My experience with Lights of America (though mostly not buying much from
them since 2002 due to disappointments) is early failure.
White low power LEDs have low usage as indicator lights, and they are
likely to run into fading issues there unless seriously underpowered.
Keep in mind that most modern white LEDs are plenty bright enough for
use as indicator lights at 3-4 milliamps, 15-20% of the 20 milliamps that
most "low power" LEDs have their specified performance dependent on. Keep
in mind how glaringly bright most modern white low power LEDs are at 20 mA
- they will put spots in your eyes!
- Don Klipstein ( email@example.com)
I picked up a pack of those LED lamps to fiddle with.
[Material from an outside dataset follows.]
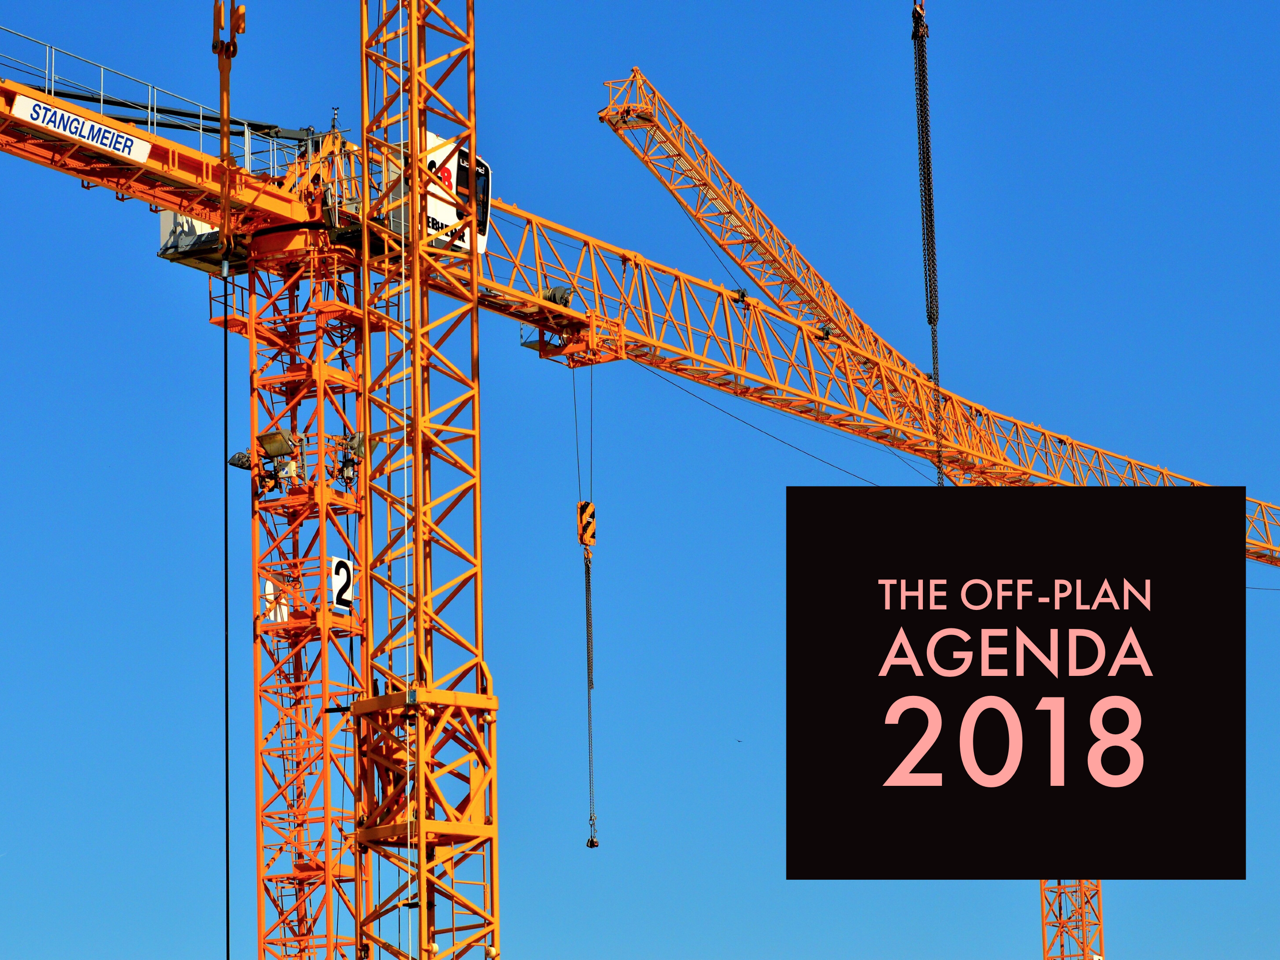 The 2018 off-plan development agenda Image

Some notes:
- The light is not "nice white", it is notably bluish like most "white"
- The color temp is not consistent between lamps, particularly if they
have had different run times.
- LEDs produce less lumens per Watt than CFLs, so they are less
efficient. Being directional they can allow a lower Wattage to be used
for task lighting however.
- Those particular lamps don't go off when you turn them off, they
continue to produce very low level light for several minutes.
I did a comparison in a wall wash type application between those LED
lamps, a 14W CFL and a 50W encapsulated halogen and the CFL won for best
overall results. The LED lamps are still interesting to fiddle with.
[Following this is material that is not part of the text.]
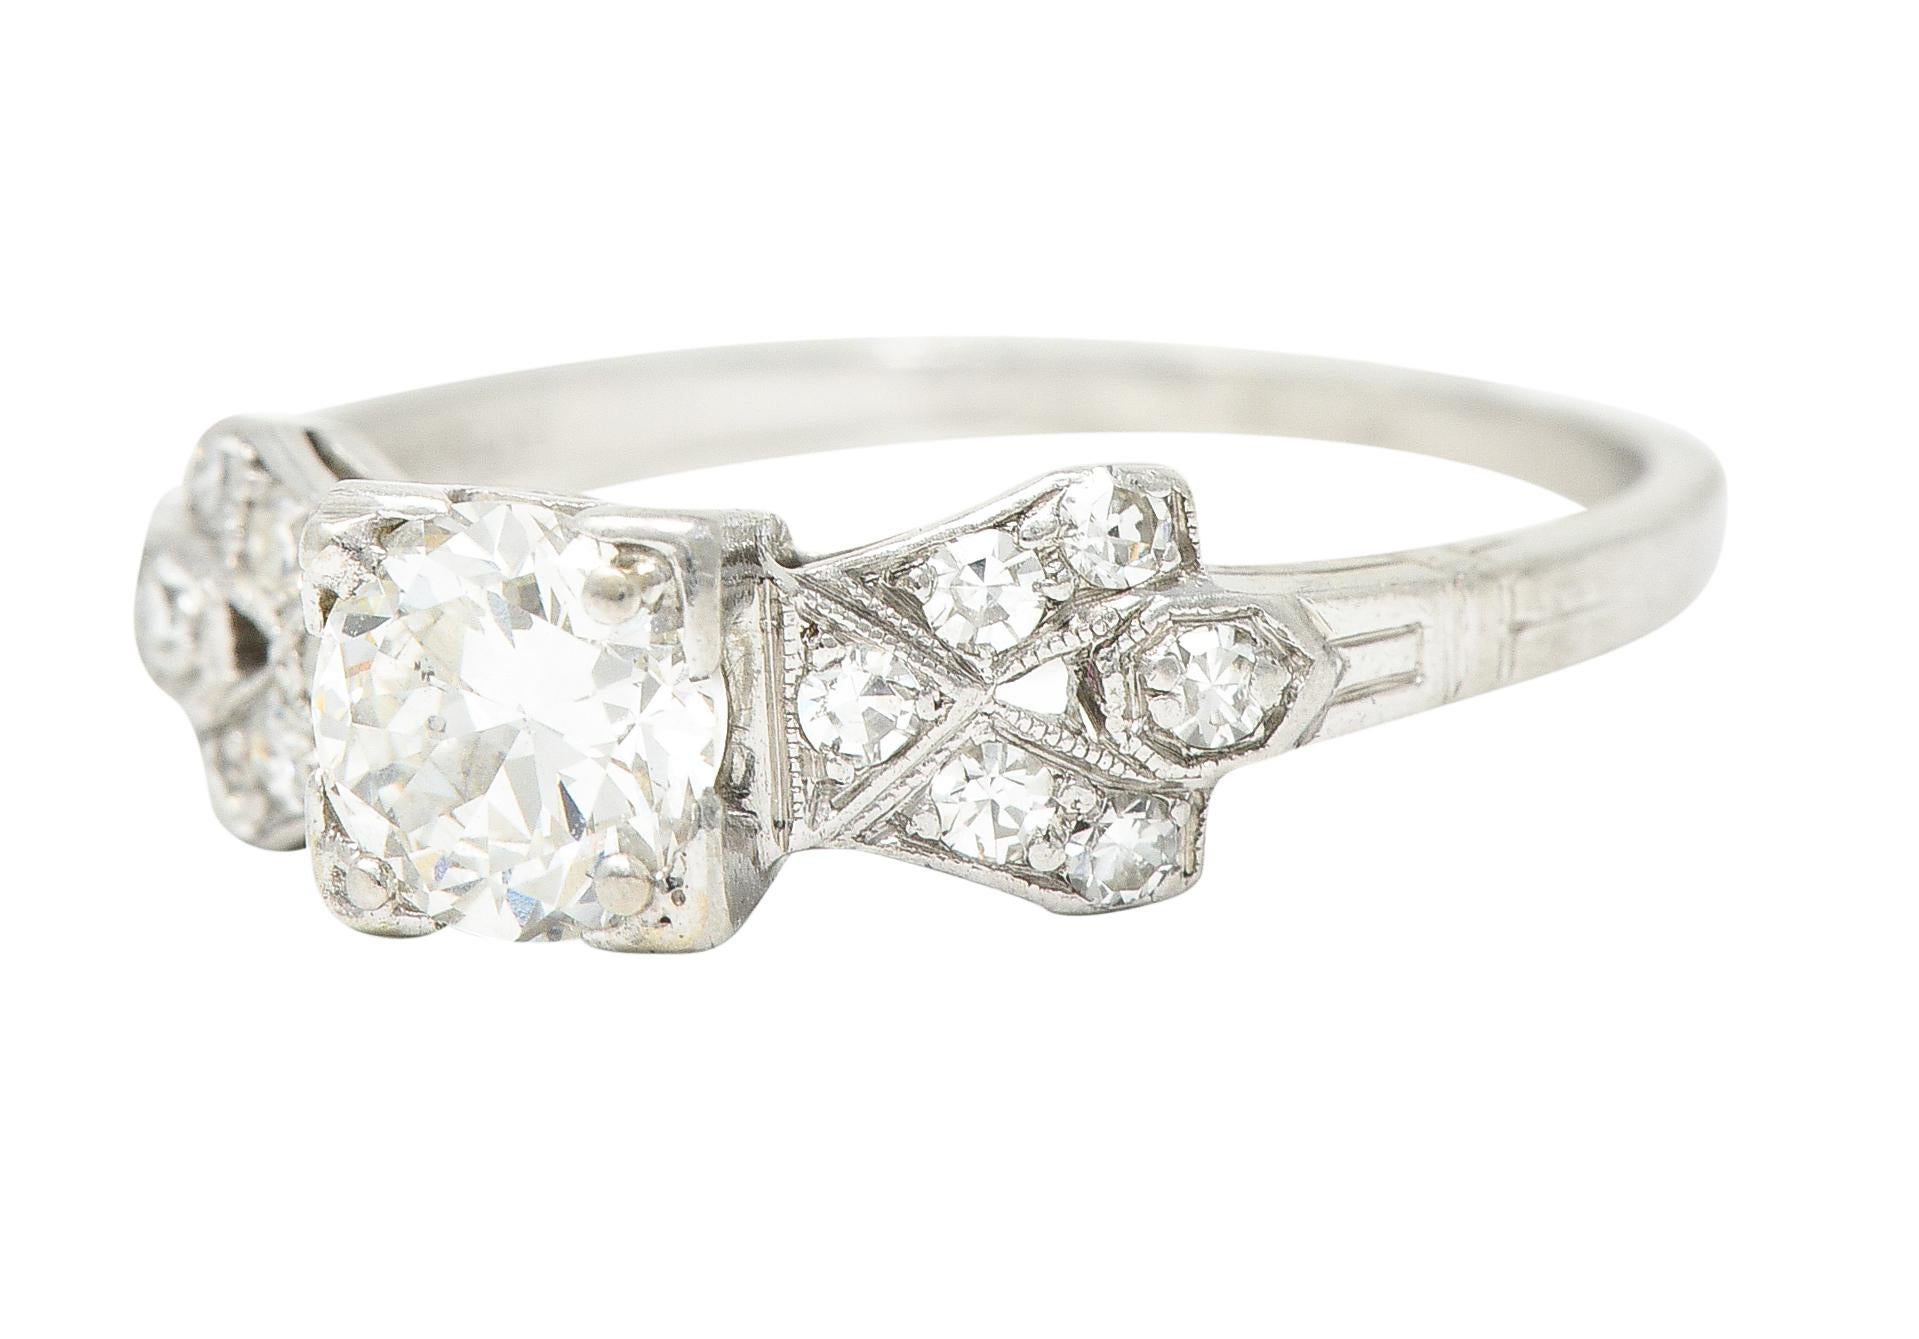 Late Art Deco 0.64 Carat Transitional Cut Diamond Platinum Engagement Ring For Sale 1

lets see I have a CFL in my pole lamp controlled by a lamp sensor and
timer. its off from midnite to 6AM on any other time its dark enough,
occasionally tripsa on in mid day during a storm.
this CFL dies on average once a year, wierdly when I used incandescent
bulbs they died more often but were a lot cheaper.
but CFL failure doesnt appear to take out the light sensor:) they are
so the CFL is affordable, by saving bucks on energy and lamp sensors.
bought a LED night light, way too blue, its nifty but not ready for
On Sun, 18 Jan 2009 08:38:20 -0800 (PST), " firstname.lastname@example.org"
Yes, I know the white ones are a bluish tint. I got some of those
headlamps and flashlights.
One thing I always wonder, I noticed that most of the Christmas LEDs
have a colored shell. I know a LED can create red, for example,
because I have seen clear shells that are red, or green, or whatever.
But I wonder if these colored ones with colored shells are not just
white and the shell makes the color?
Yes, I have considered a timer rather than a sensor. I'd have to
change the settings regularly. Not that big of a deal, but at the
same time I know timer motors consume energy too, so it might not be
I have done some experimenting with LED lighting and found they are
most useful for when they reall only have to be seen instead of
illuminating any particular area. I am using some for stairwell lights
and they work great for that. I was very disapponted in the counter
top lamps I installed. The counter top lamps do make decent night
lights so I kept them and added some flourescent work lights beneath
the kitchen cabinets. A florescent fixture that also contains some
LEDs may be interesting.
The comparitive test if it is one is old, www.popmechanicsmag.com
consumers reports, are more up to date. I use HD with a 7 yr warranty
and color is tops. Try HD Invision brand they last in commercial use.